Марина понятия не имела о моем карточном позоре, да и вообще дети за родителей не ответчики. Эта девочка, выросшая в доме, где съедался за день огромный чугун борща, сидела за столом как принцесса. Я не знаю, портила или украшала ее лицо косметика, скорей всего, она не играла никакой роли. Потому что синий цвет глаз, форму головы, длину шеи не изменишь никакой косметикой. А вот слова и даже голос можно приобрести. Марина говорила тихим, вкрадчивым голосом. Этим голосом она мне с порога подарила царственный комплимент: «Вы живете просто, мило и современно». После этого она меня не видела. И Томку она, по-моему, не видела, и этого, которого с собой привела, — Фила. Томка что-то не переставая рассказывала ему, а он глядел на нее с такой добротой, с таким пониманием, какие мог изобразить только очень способный актер, играя идеального старшего брата. Марина же изображала из себя балерину, которой нельзя ничего есть, а кругом такие яства, такие соблазны. А может, они ничего такого не изображали, а просто я на них обиделась, потому что для меня за этим столом не оказалось места. В прямом смысле это место, разумеется, было, я сидела, как и они, на стуле, ела и пила, но на самом деле они меня к этому столу не подпустили. Мне трудно это объяснить тем, кто такого никогда не испытывал. Происходит это в одну секунду: была, была нестарым человеком, тридцати восьми лет, и вдруг превратилась не то чтобы в старуху, а в чучело или в пустое место. Мы тоже, как говорится, были молодыми, тоже избегали на своих празднествах старших, но здесь происходило совсем другое, здесь я принимала гостей. Почему же они посадили меня в ящик, как любила говорить Томка, и задвинули? И тогда я стала спасаться единственным способом, самым унизительным, но тогда я этого не знала: сообщила гостям о своей докторской, которая уже написана и на носу защита, о монографии, которую я с удовольствием бы им подарила, но осталось всего четыре экземпляра, неприкосновенных, для расклейки, так как обещано переиздание. «Знаете, кому раздарила книгу? В основном администраторам гостиниц, когда ездила в командировки. Чтобы дали номер получше». Я кое-чего своим хвастовством добилась. Фил спросил: «Какая у вас тема?» — «Декабристы». Фил поставил точку: «Вы молодец».

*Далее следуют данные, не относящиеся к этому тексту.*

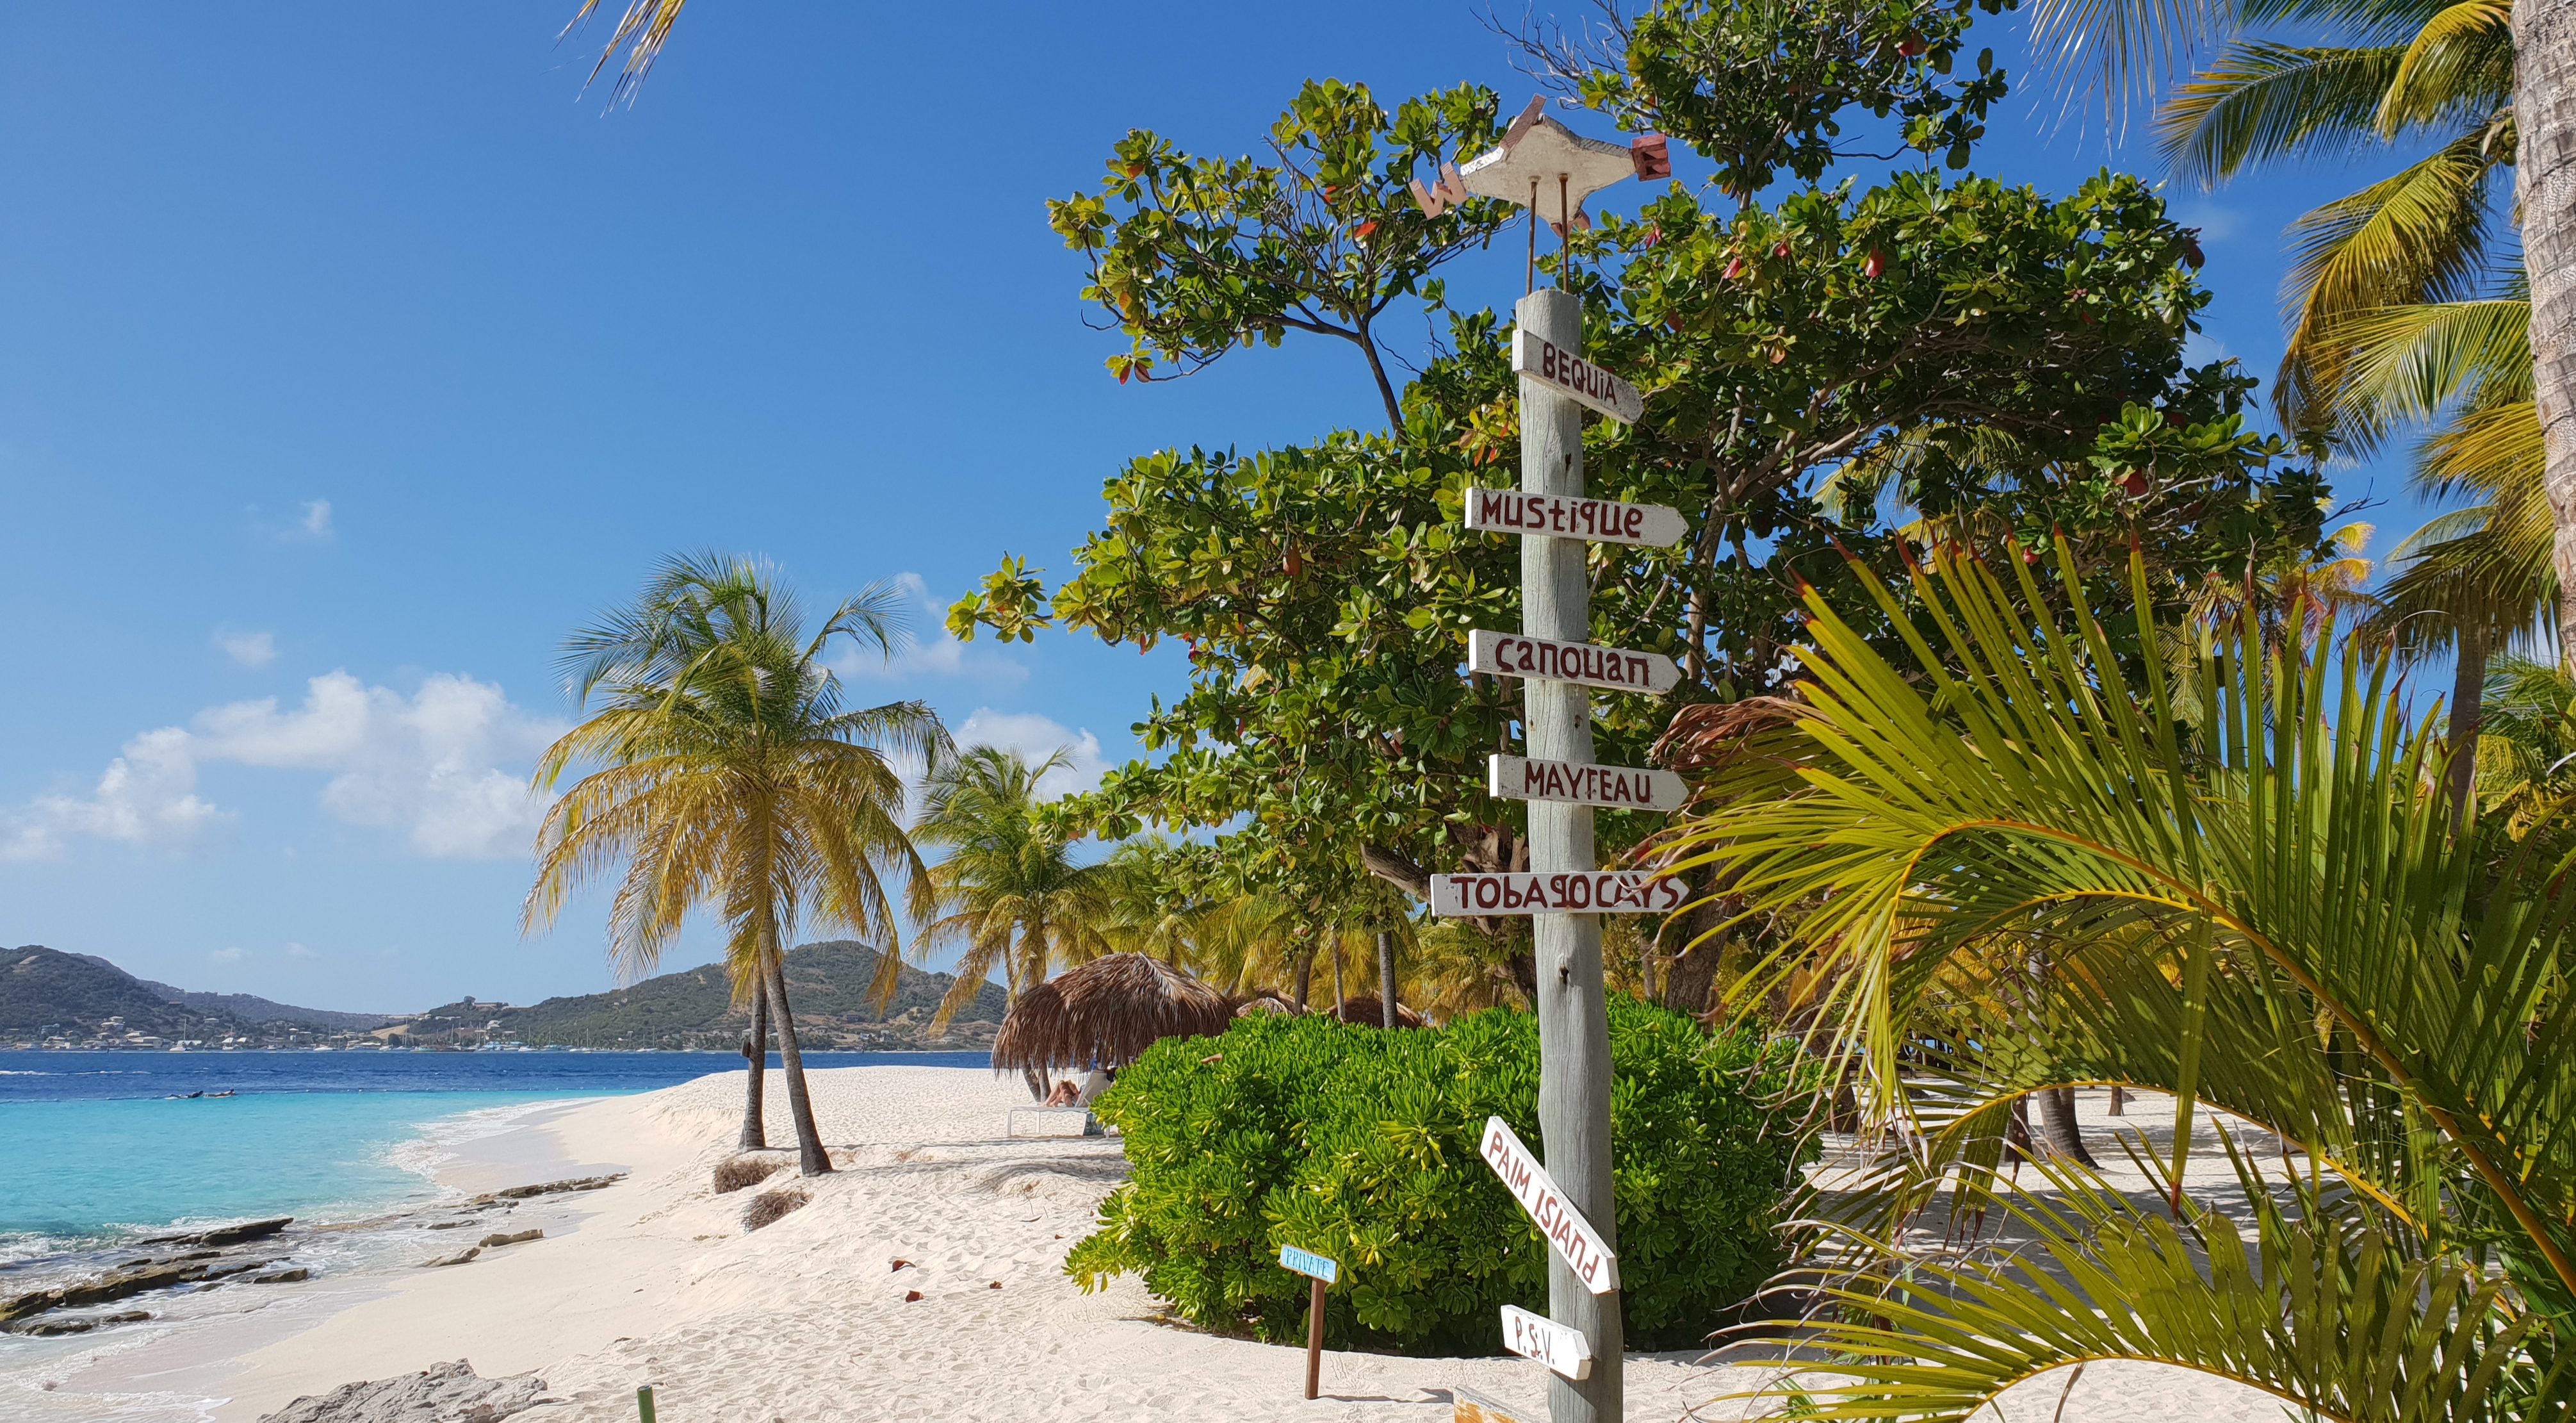 Palm Island sign post, beach

Если бы! Если бы я была молодцом, я бы отвела от Томки эту напасть в замшевой курточке. Я бы нашла слова, я бы его сразу развенчала. Но я опоздала, спохватилась, когда на Томкином лице уже плавала зачарованная улыбка, а глаза сияли. Единственное, на что меня тогда хватило, — это отодвинуть от Томки бокал с шампанским и беспечным голосом сказать: «Этого ей на дом не задавали». Фил продолжил: «Бедные дети, ничего-то им нельзя, все-то им еще рано».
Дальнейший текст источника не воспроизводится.